The letter from Sens. Helms and Hollings, which was reported in Monday's Wall Street Journal, mirrors conditions that the House Democratic leader, Dick Gephardt of Missouri, has made and portends a tough fight for China to join the WTO this year.

Even as anger in Congress grows on the trade front, there is greater anxiety over security at Los Alamos and other national weapons labs. The labs had long resisted FBI and congressional pressure to tighten their security policies.

The Energy Department, which oversees the labs, has been lax in its supervision. The department, for example, never filed a congressionally required annual report in 1998 on the status of security at the labs.

Shortly after taking over as Energy secretary last fall, Richardson learned of the urgency of the spy case and reinstated background checks on all foreign visitors, but it was a move the FBI had recommended 17 months earlier.

Shelby was unmoved Monday, saying, "The president or the Energy Secretary should put a moratorium on the exchange of people coming into our labs, and our scientists going to their labs, and perhaps giving them information."

Sen. Bob Kerrey, of Nebraska, the Intelligence Committee's ranking Democrat, distanced himself Monday from Shelby's suggestion of a moratorium noting that "it's not a situation where foreign visitors are the problems, it's the employees."

The Energy Department, in a statement Monday night, said rigorous screening and security measures were in place to insure foreign visitors could not gain access to classified material.

But Kerrey expressed concern over security at the laboratories, even with the improvements Richardson has put in place, including doubling the counterintelligence budget.

"I no longer have any sense of security that we're doing the right thing," Kerrey told reporters after meeting with Tenet. "What I have right now is a considerable amount of nervousness over our counterintelligence efforts and their effectiveness."

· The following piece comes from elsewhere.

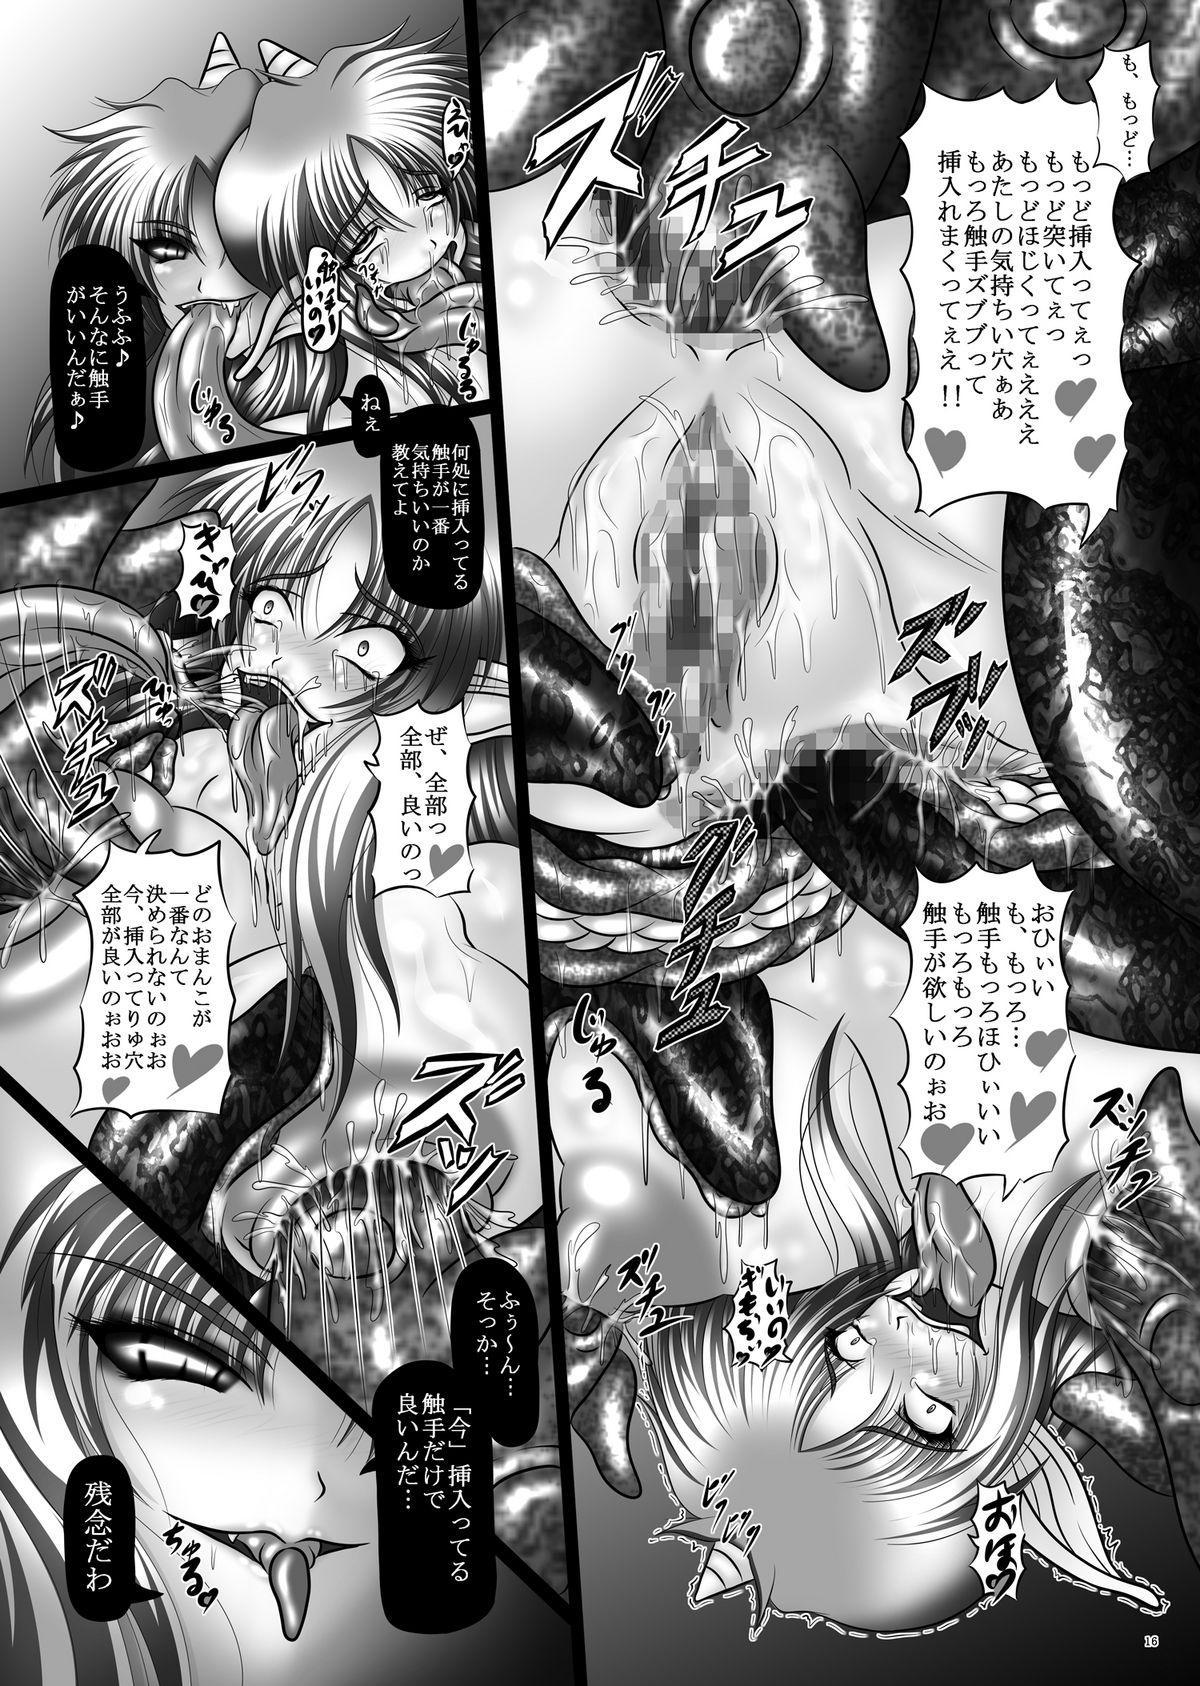 Dashoku Densetsu - Nihiki no Yashahime | The Two Yaksha Princesses 15

As Senate Republicans pounced on the spy case as evidence that the administration's policy of engaging China turned a blind eye to national security, a top Republican analyst, William Kristol, accused congressional Republicans of hypocrisy.

"Republicans have largely supported the president and Sandy Berger on engagement and trade above all else in China," Kristol said Monday, referring to the president's national security adviser, Samuel Berger. "Ultimately, it looks like, hey, something hit the headlines and let's take advantage of it."